━━━━━ The data ━━━━━
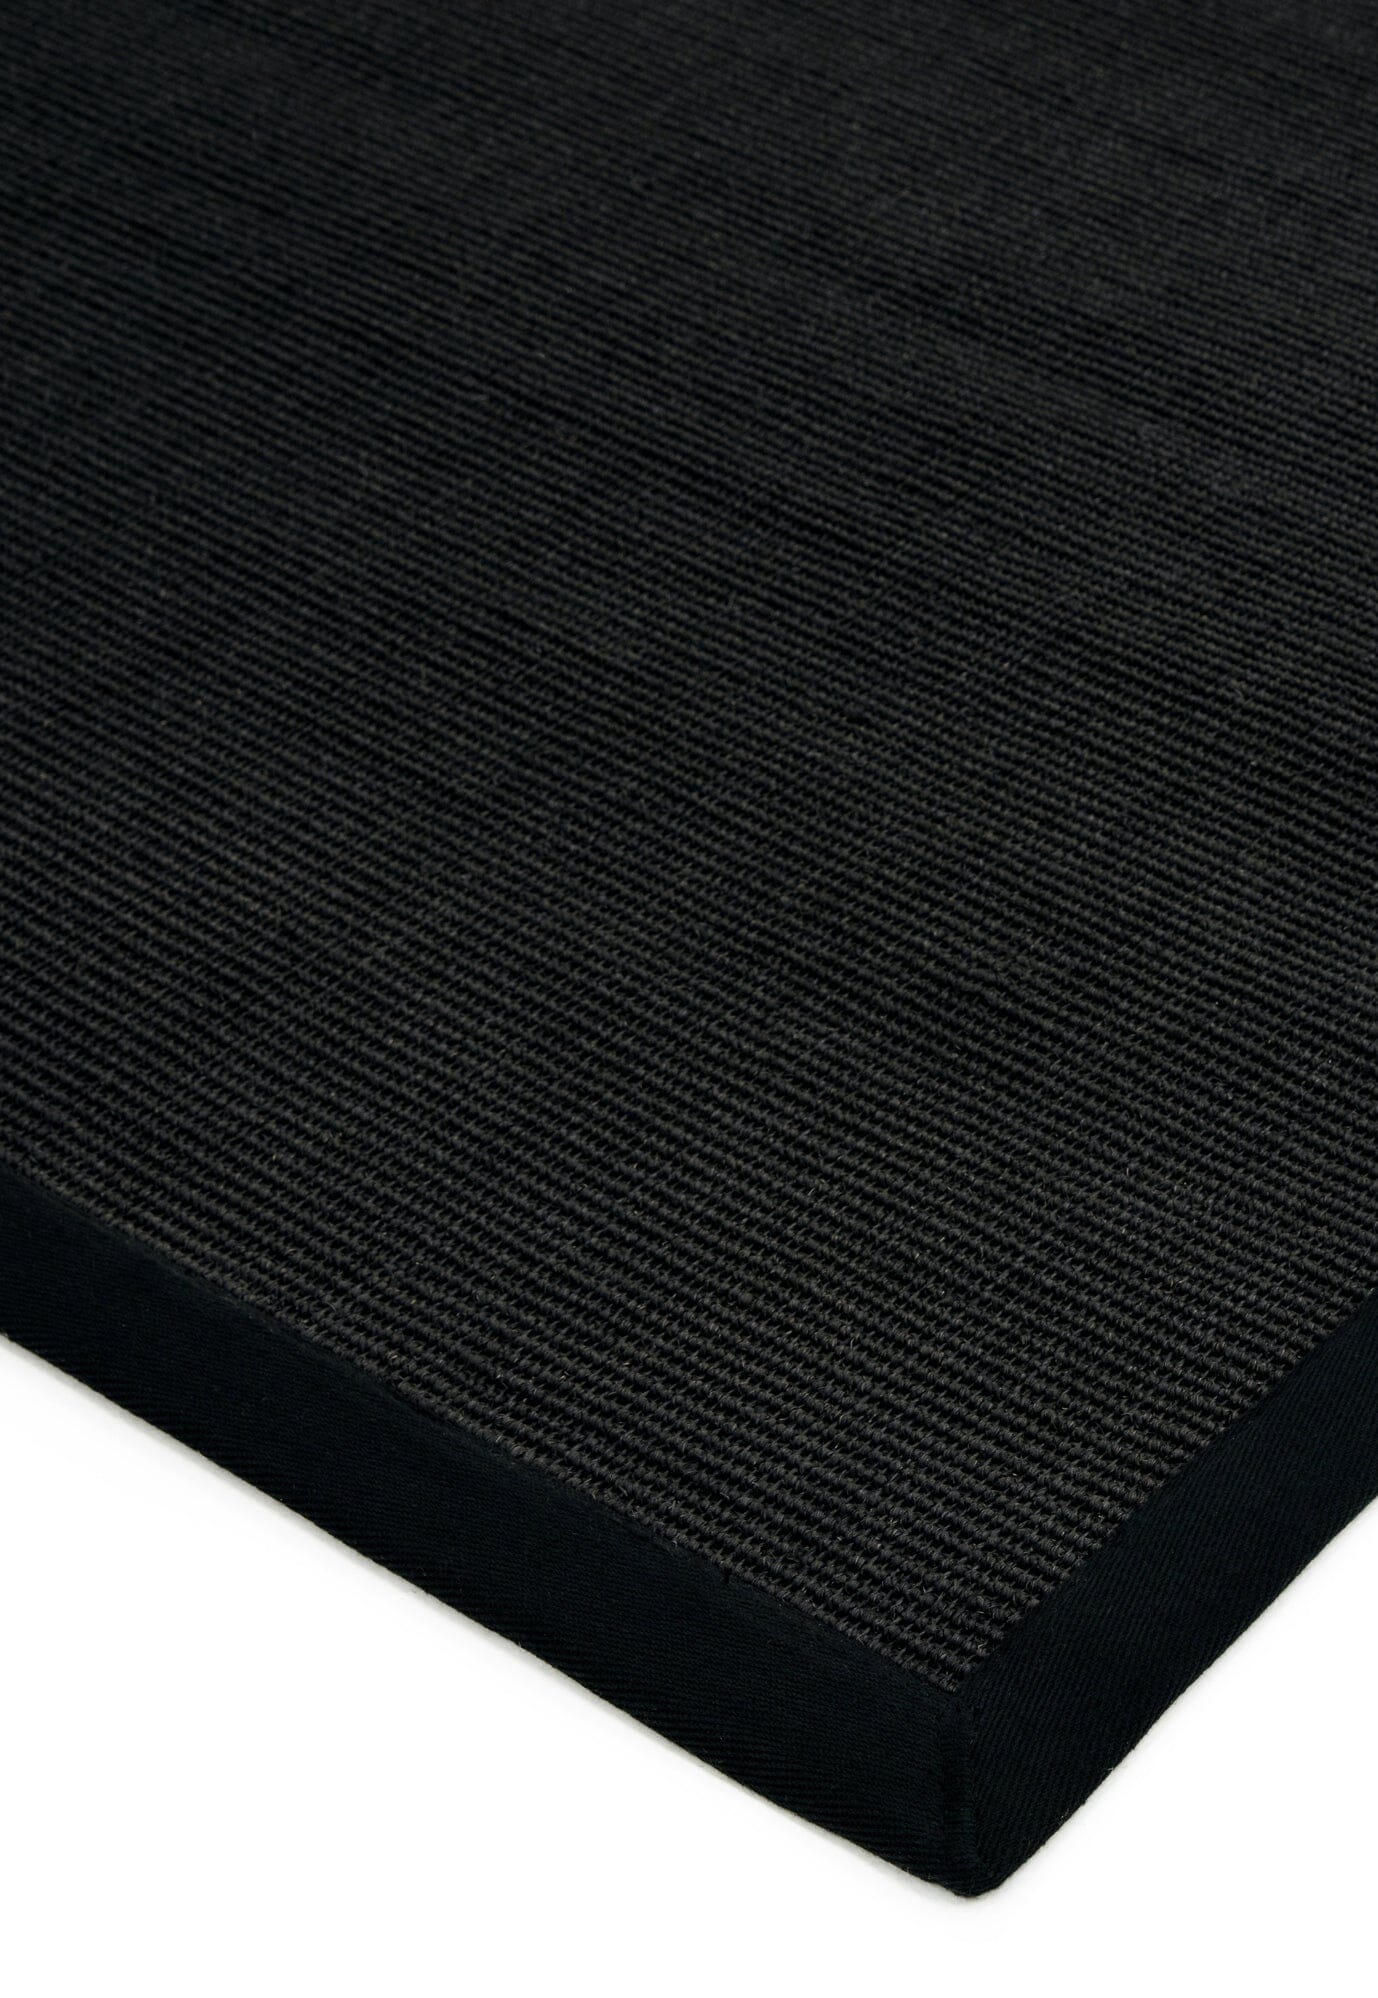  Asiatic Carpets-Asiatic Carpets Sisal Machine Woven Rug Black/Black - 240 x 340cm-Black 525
━━━━━
━━━━━ The data ━━━━━
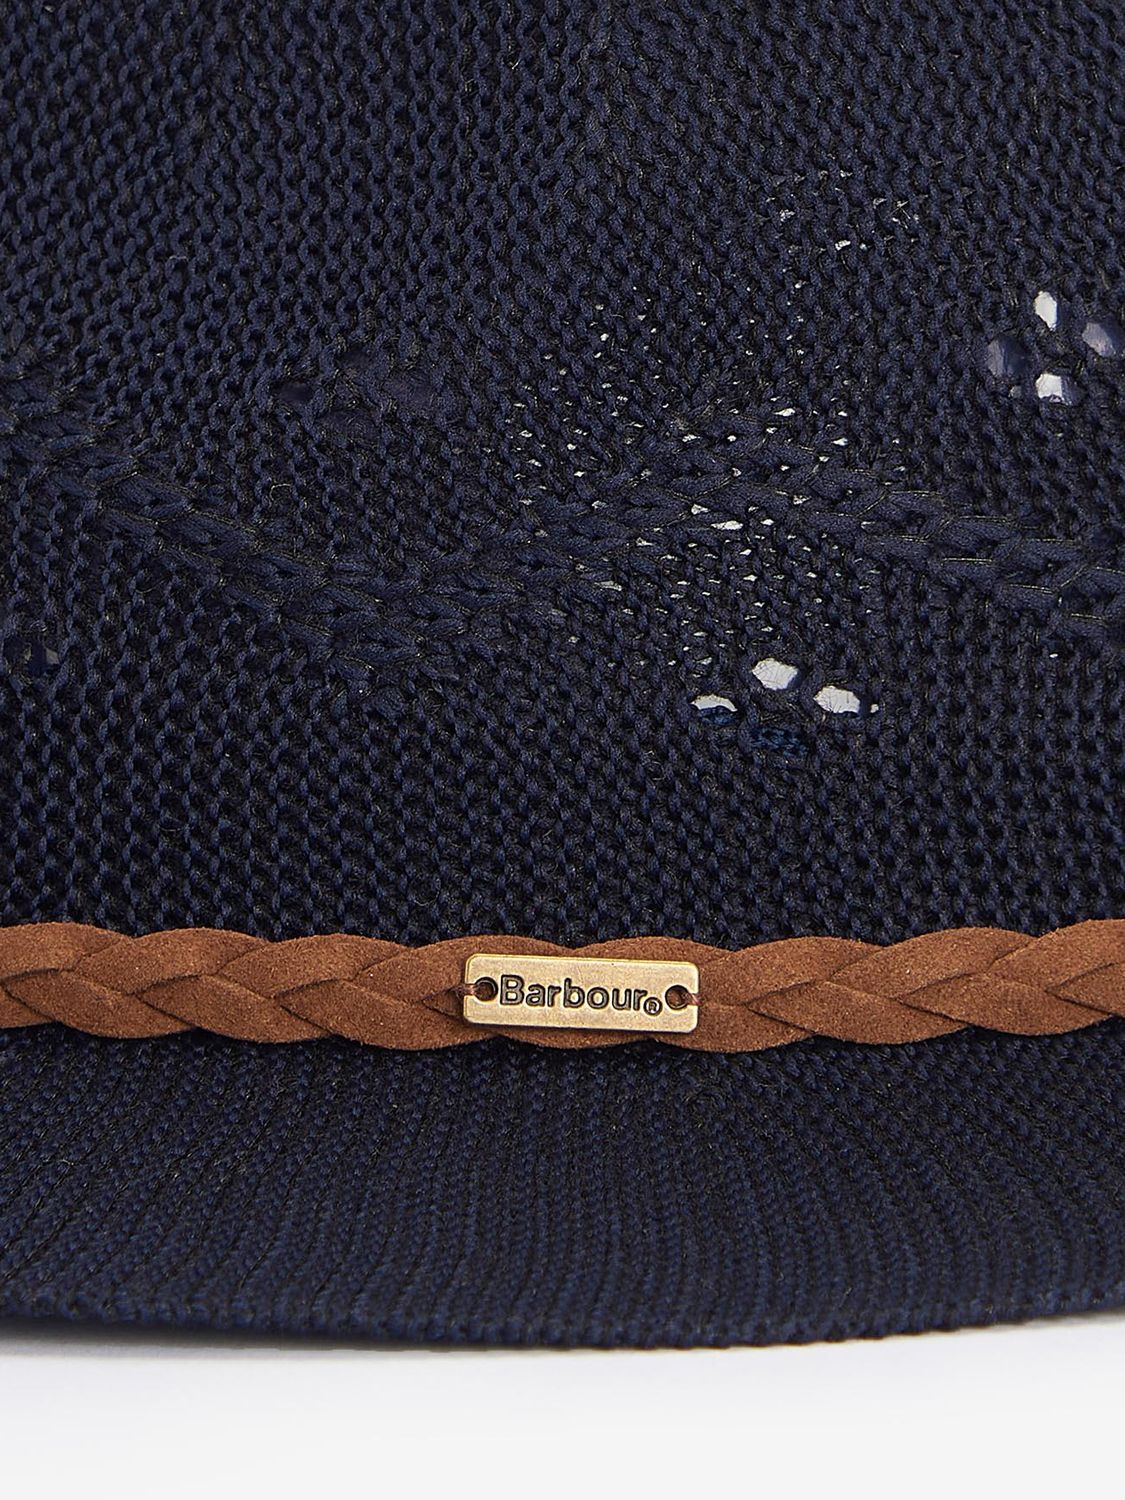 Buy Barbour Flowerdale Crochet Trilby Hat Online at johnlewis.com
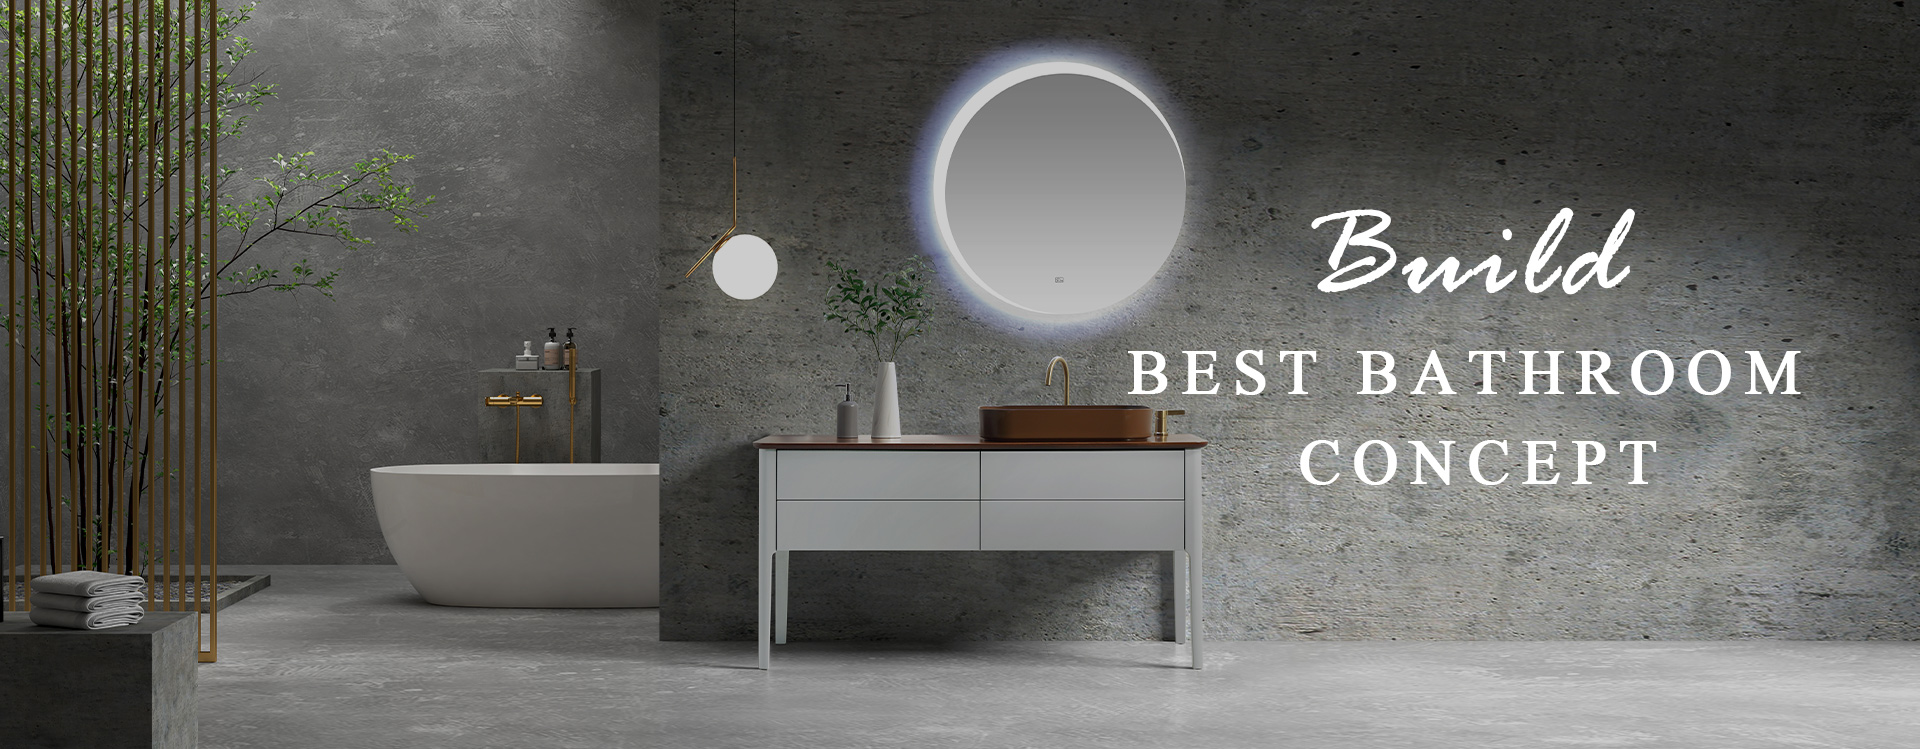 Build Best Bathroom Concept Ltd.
━━━━━
## Action item
Between and including the line above that contains "Buy Barbour Flowerdale" and the line that contains "Build Best Bathroom Concept Ltd.", restate every line word for word. Pictures stay out.

## Answer section
 Buy Barbour Flowerdale Crochet Trilby Hat Online at johnlewis.com
 Build Best Bathroom Concept Ltd.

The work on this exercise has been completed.